Time = 27.37 (sec) , antiderivative size = 801, normalized size of antiderivative = 3.83
Input:
int(cos(d*x+c)^(5/2)*(A+B*sec(d*x+c)+C*sec(d*x+c)^2)/(a+b*sec(d*x+c)),x,me thod=_RETURNVERBOSE)
Output:
-(-(-2*cos(1/2*d*x+1/2*c)^2+1)*sin(1/2*d*x+1/2*c)^2)^(1/2)*(-2*b^2*(A*b^2- B*a*b+C*a^2)/a^3/(a^2-a*b)*(sin(1/2*d*x+1/2*c)^2)^(1/2)*(-2*cos(1/2*d*x+1/ 2*c)^2+1)^(1/2)/(-2*sin(1/2*d*x+1/2*c)^4+sin(1/2*d*x+1/2*c)^2)^(1/2)*Ellip ticPi(cos(1/2*d*x+1/2*c),2*a/(a-b),2^(1/2))-2*(A*a^3+A*a^2*b+A*a*b^2+A*b^3 -B*a^3-B*a^2*b-B*a*b^2+C*a^3+C*a^2*b)/a^4*(sin(1/2*d*x+1/2*c)^2)^(1/2)*(-2 *cos(1/2*d*x+1/2*c)^2+1)^(1/2)/(-2*sin(1/2*d*x+1/2*c)^4+sin(1/2*d*x+1/2*c) ^2)^(1/2)*EllipticF(cos(1/2*d*x+1/2*c),2^(1/2))-4/5*A/a/(-2*sin(1/2*d*x+1/ 2*c)^4+sin(1/2*d*x+1/2*c)^2)^(1/2)*(4*sin(1/2*d*x+1/2*c)^6*cos(1/2*d*x+1/2 *c)-14*cos(1/2*d*x+1/2*c)*sin(1/2*d*x+1/2*c)^4+6*sin(1/2*d*x+1/2*c)^2*cos( 1/2*d*x+1/2*c)-5*(sin(1/2*d*x+1/2*c)^2)^(1/2)*(2*sin(1/2*d*x+1/2*c)^2-1)^( 1/2)*EllipticF(cos(1/2*d*x+1/2*c),2^(1/2))+9*(2*sin(1/2*d*x+1/2*c)^2-1)^(1 /2)*EllipticE(cos(1/2*d*x+1/2*c),2^(1/2))*(sin(1/2*d*x+1/2*c)^2)^(1/2))+2/ a^3*(3*A*a^2+2*A*a*b+A*b^2-2*B*a^2-B*a*b+C*a^2)*(sin(1/2*d*x+1/2*c)^2)^(1/ 2)*(-2*cos(1/2*d*x+1/2*c)^2+1)^(1/2)/(-2*sin(1/2*d*x+1/2*c)^4+sin(1/2*d*x+ 1/2*c)^2)^(1/2)*(EllipticF(cos(1/2*d*x+1/2*c),2^(1/2))-EllipticE(cos(1/2*d *x+1/2*c),2^(1/2)))-4/3/a^2*(3*A*a+A*b-B*a)*(2*cos(1/2*d*x+1/2*c)*sin(1/2* d*x+1/2*c)^4-sin(1/2*d*x+1/2*c)^2*cos(1/2*d*x+1/2*c)+2*(sin(1/2*d*x+1/2*c) ^2)^(1/2)*(2*sin(1/2*d*x+1/2*c)^2-1)^(1/2)*EllipticF(cos(1/2*d*x+1/2*c),2^ (1/2))-3*(2*sin(1/2*d*x+1/2*c)^2-1)^(1/2)*EllipticE(cos(1/2*d*x+1/2*c),2^( 1/2))*(sin(1/2*d*x+1/2*c)^2)^(1/2))/(-2*sin(1/2*d*x+1/2*c)^4+sin(1/2*d*...
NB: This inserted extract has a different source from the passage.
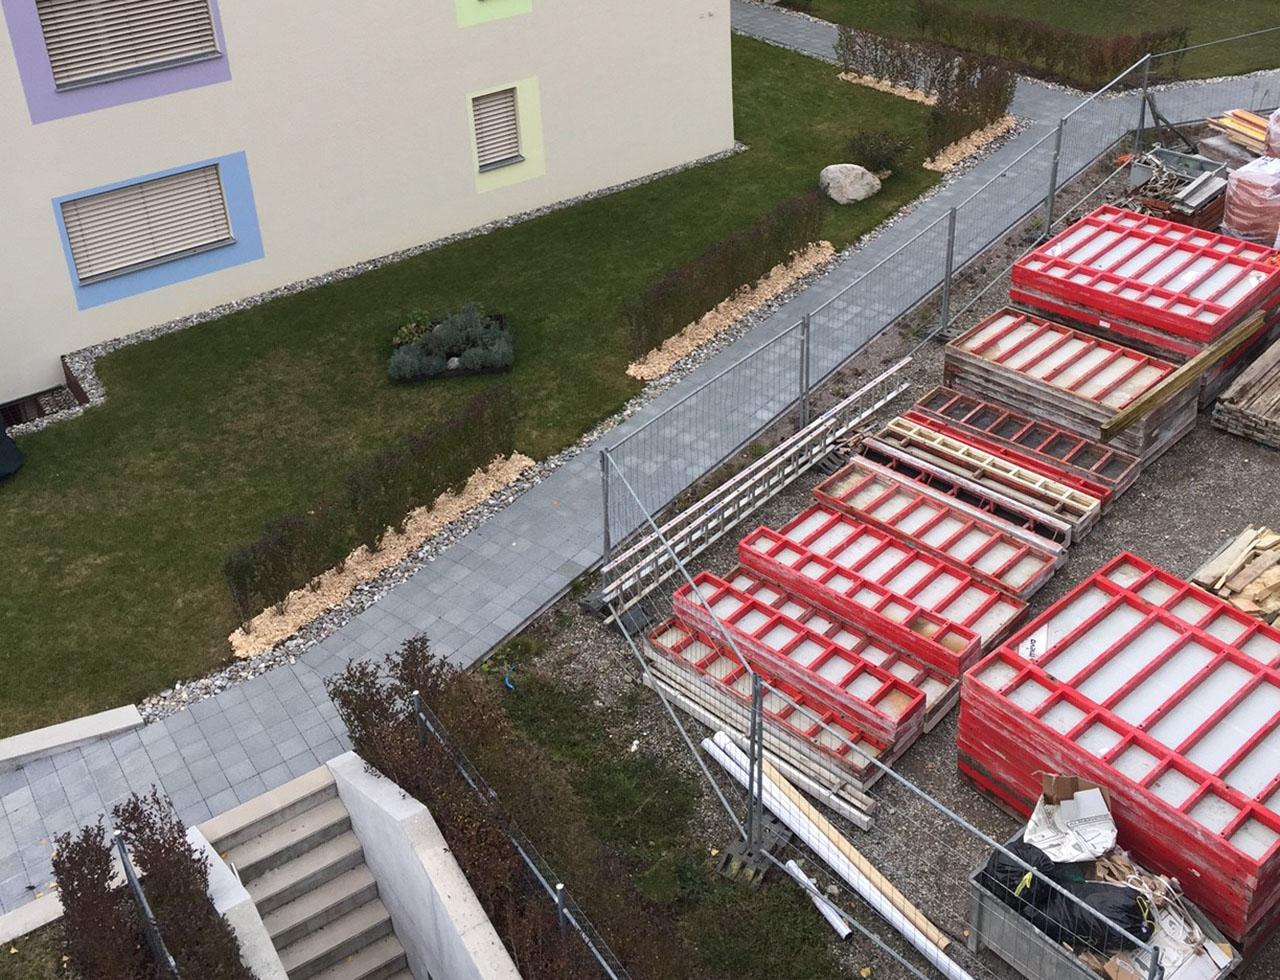 laubhus-immobilien-architektur-sunnehof-haus-d-16112016

\[ \int \frac {\cos ^{\frac {5}{2}}(c+d x) \left (A+B \sec (c+d x)+C \sec ^2(c+d x)\right )}{a+b \sec (c+d x)} \, dx=\int { \frac {{\left (C \sec \left (d x + c\right )^{2} + B \sec \left (d x + c\right ) + A\right )} \cos \left (d x + c\right )^{\frac {5}{2}}}{b \sec \left (d x + c\right ) + a} \,d x } \] Input:
integrate(cos(d*x+c)^(5/2)*(A+B*sec(d*x+c)+C*sec(d*x+c)^2)/(a+b*sec(d*x+c) ),x, algorithm="fricas")
Output:
integral((C*cos(d*x + c)^2*sec(d*x + c)^2 + B*cos(d*x + c)^2*sec(d*x + c) + A*cos(d*x + c)^2)*sqrt(cos(d*x + c))/(b*sec(d*x + c) + a), x)
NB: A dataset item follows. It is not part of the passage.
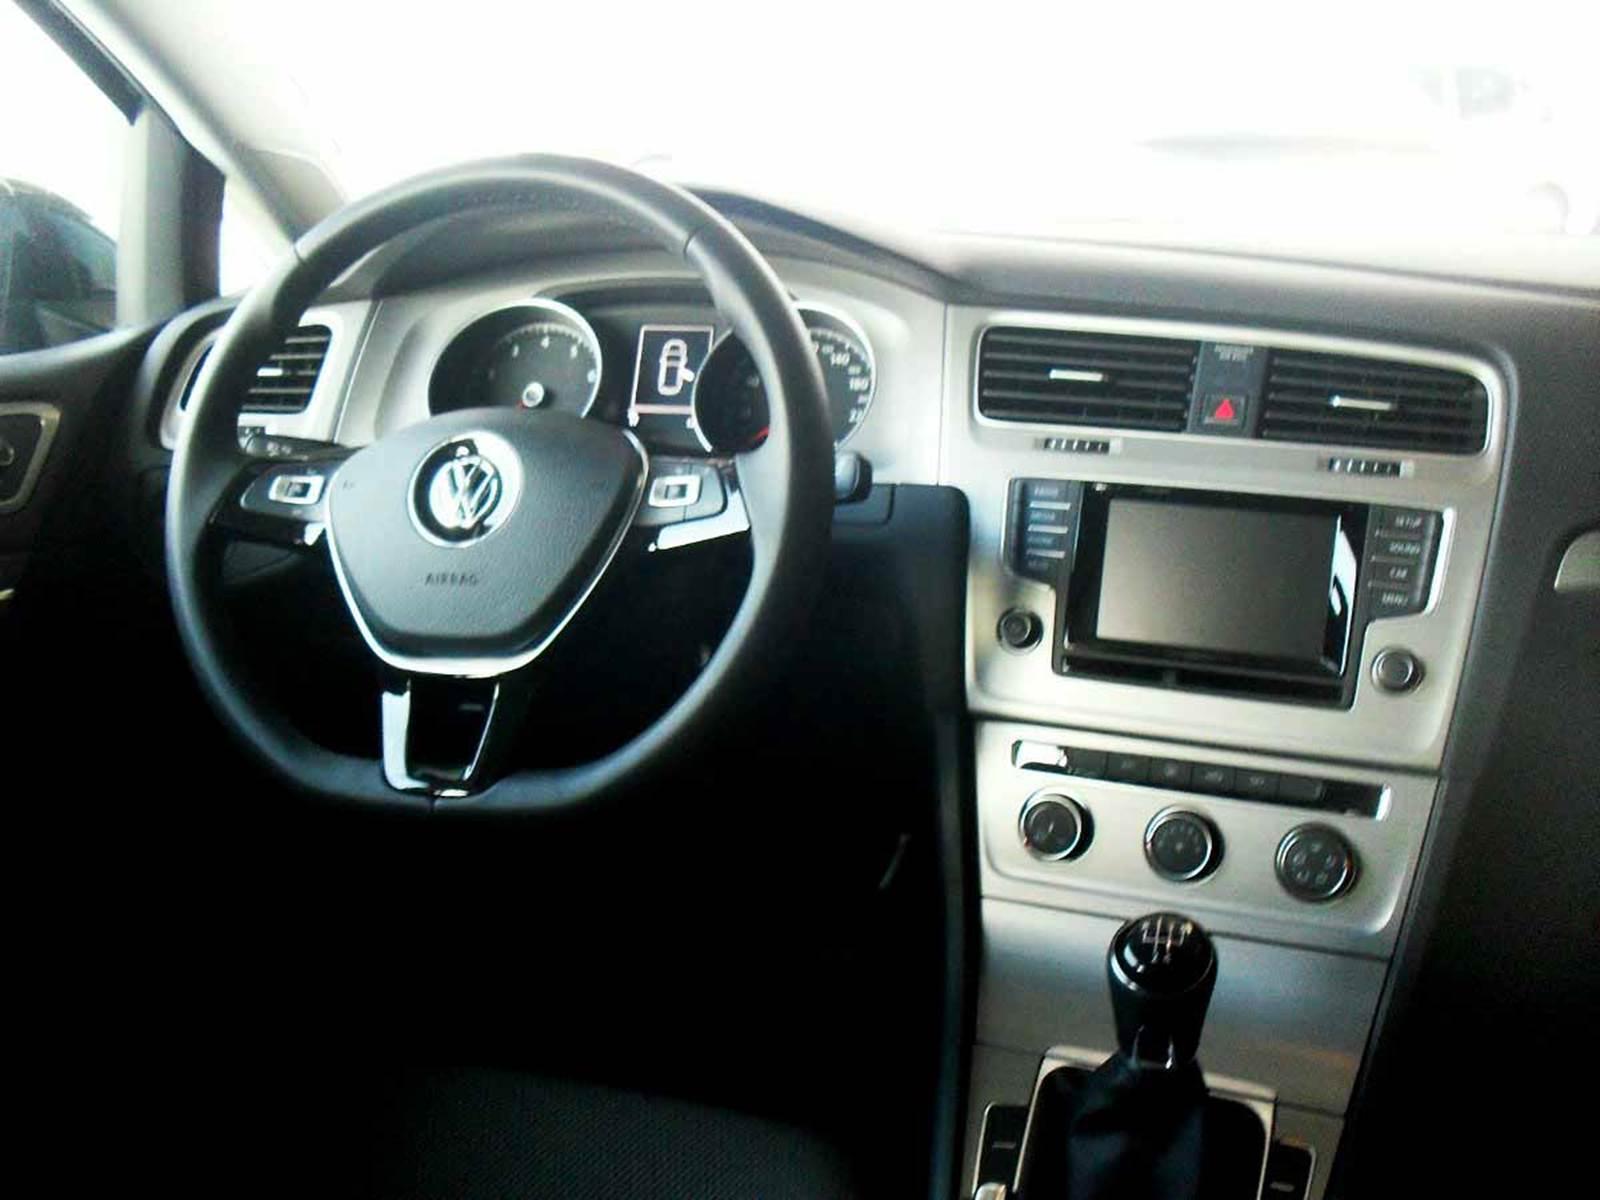 VW Golf Trendline 1.6 16V - interior

Timed out. \[ \int \frac {\cos ^{\frac {5}{2}}(c+d x) \left (A+B \sec (c+d x)+C \sec ^2(c+d x)\right )}{a+b \sec (c+d x)} \, dx=\text {Timed out} \] Input:
integrate(cos(d*x+c)**(5/2)*(A+B*sec(d*x+c)+C*sec(d*x+c)**2)/(a+b*sec(d*x+ c)),x)
Output:
Timed out
\[ \int \frac {\cos ^{\frac {5}{2}}(c+d x) \left (A+B \sec (c+d x)+C \sec ^2(c+d x)\right )}{a+b \sec (c+d x)} \, dx=\int { \frac {{\left (C \sec \left (d x + c\right )^{2} + B \sec \left (d x + c\right ) + A\right )} \cos \left (d x + c\right )^{\frac {5}{2}}}{b \sec \left (d x + c\right ) + a} \,d x } \] Input:
integrate(cos(d*x+c)^(5/2)*(A+B*sec(d*x+c)+C*sec(d*x+c)^2)/(a+b*sec(d*x+c) ),x, algorithm="maxima")
Output:
integrate((C*sec(d*x + c)^2 + B*sec(d*x + c) + A)*cos(d*x + c)^(5/2)/(b*se c(d*x + c) + a), x)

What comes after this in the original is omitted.